Targeted therapy: Genetic mutations are common in melanoma. Some of these gene mutations are key contributors to make a melanoma cell cancerous, and we have drugs that can target these mutations. For example, for patients whose tumor has BRAF gene mutation (approximately 50% of cutaneous melanoma), BRAF inhibitors vemurafenib and dabrafenib can block the growth and spread of cancer by preventing cancer cells from dividing or destroying them directly. Majority of patients with BRAF mutation positive melanoma would benefit from this treatment; however, the cancer can become resistant to this therapy quickly. In addition, patients receiving BRAF inhibitor treatment can develop another form of skin cancer called cutaneous squamous cell carcinoma. Fortunately his type of skin cancer rarely spreads to other parts of the body and can be treated with surgical resection. Combining BRAF inhibitors with another targeted therapy call MEK inhibitors (trametinib or cobimetinib) can help eliminate this side effect of cutaneous squamous cell carcinoma, and further control the tumor growth and spread.

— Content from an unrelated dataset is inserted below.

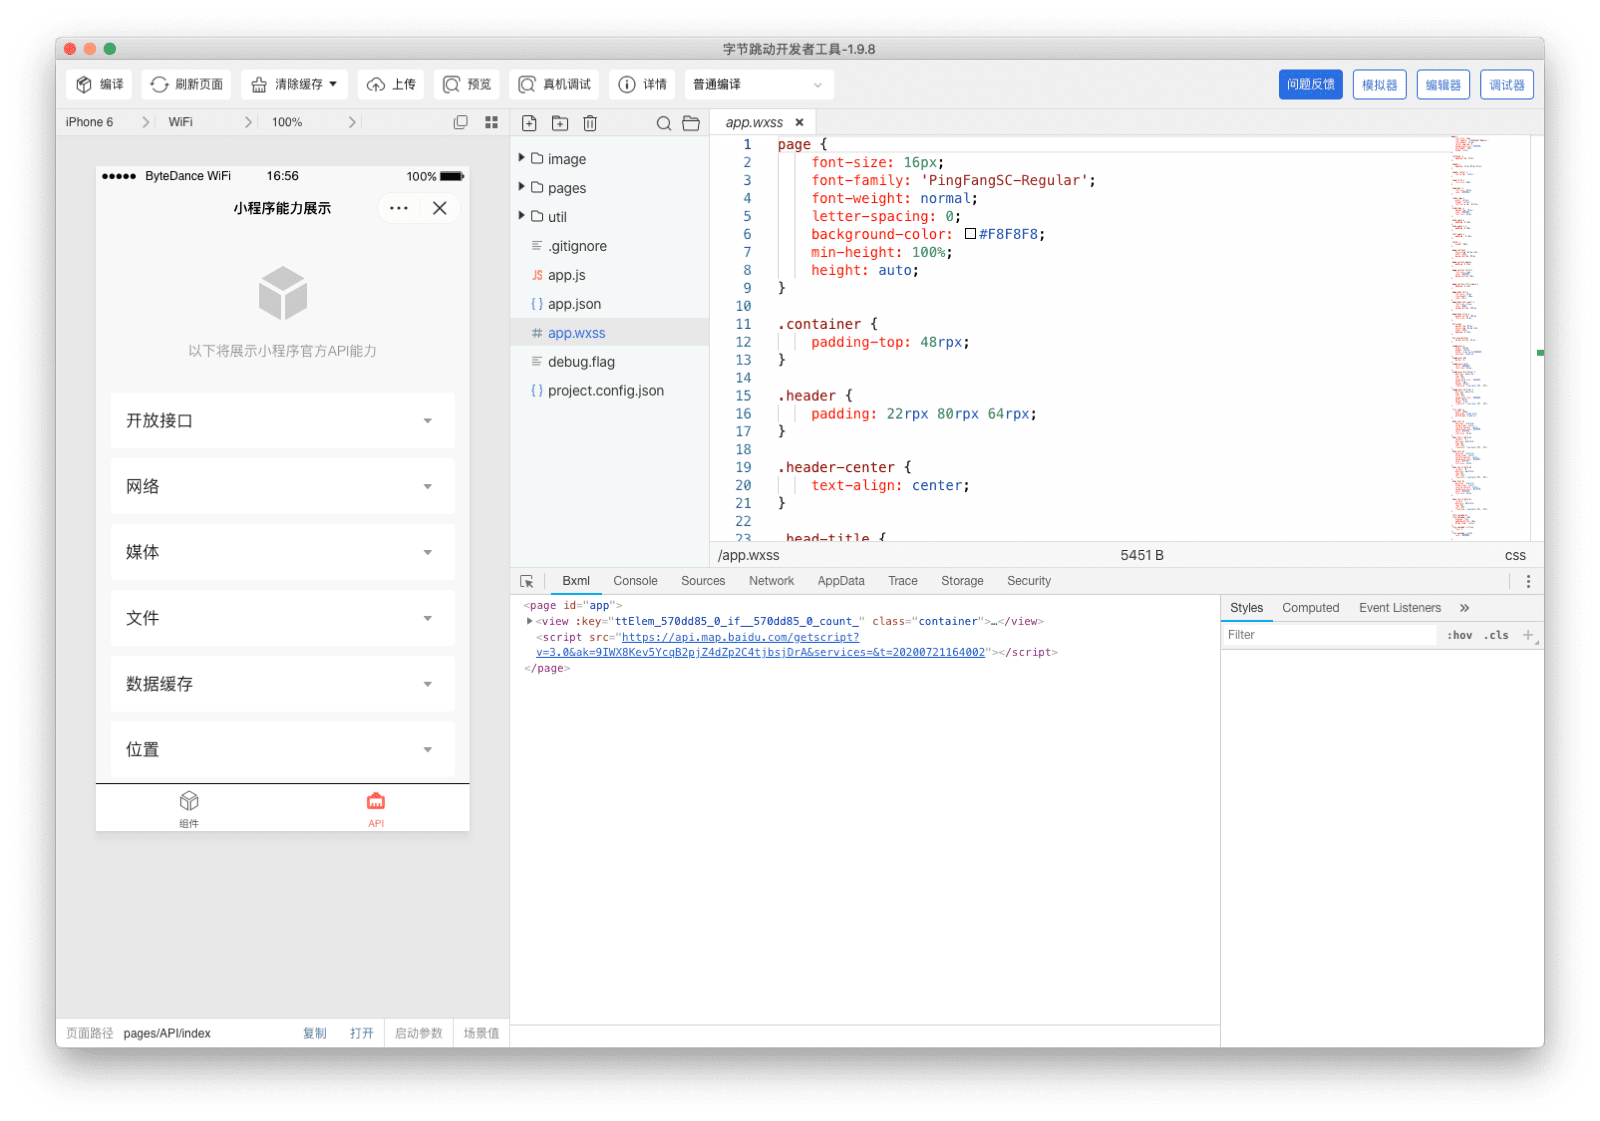 Окно приложения ByteDance DevTools, показывающее симулятор, редактор кода и отладчик.

The optimal treatment of melanoma in each individual patient depends on many factors including the cancer stage, the subtype of cancer, BRAF mutation status, the location of cancer, patient’s age, patient’s general health status, and patient’s preferences. Surgery and radiation therapy are types of local treatment because the goal of these therapies (in stage 0-III) is to remove the tumor and prevent the tumor from recurring. Systemic treatment such as immunotherapy, targeted therapy and rarely chemotherapy, are medicine that goes throughout the body to try to kill any cancer cells that have spread from the original site. For patients whose cancer has not spread to distant sites but do have high risk factors for cancer recurrence, such as positive lymph nodes or surgical margins, or deep tumors, adjuvant treatment can help eliminate the residual tumor cells after surgery is completed. The FDA approved drugs that can be used in this situation for melanoma are interferon and ipilimumab (anti-CTLA4).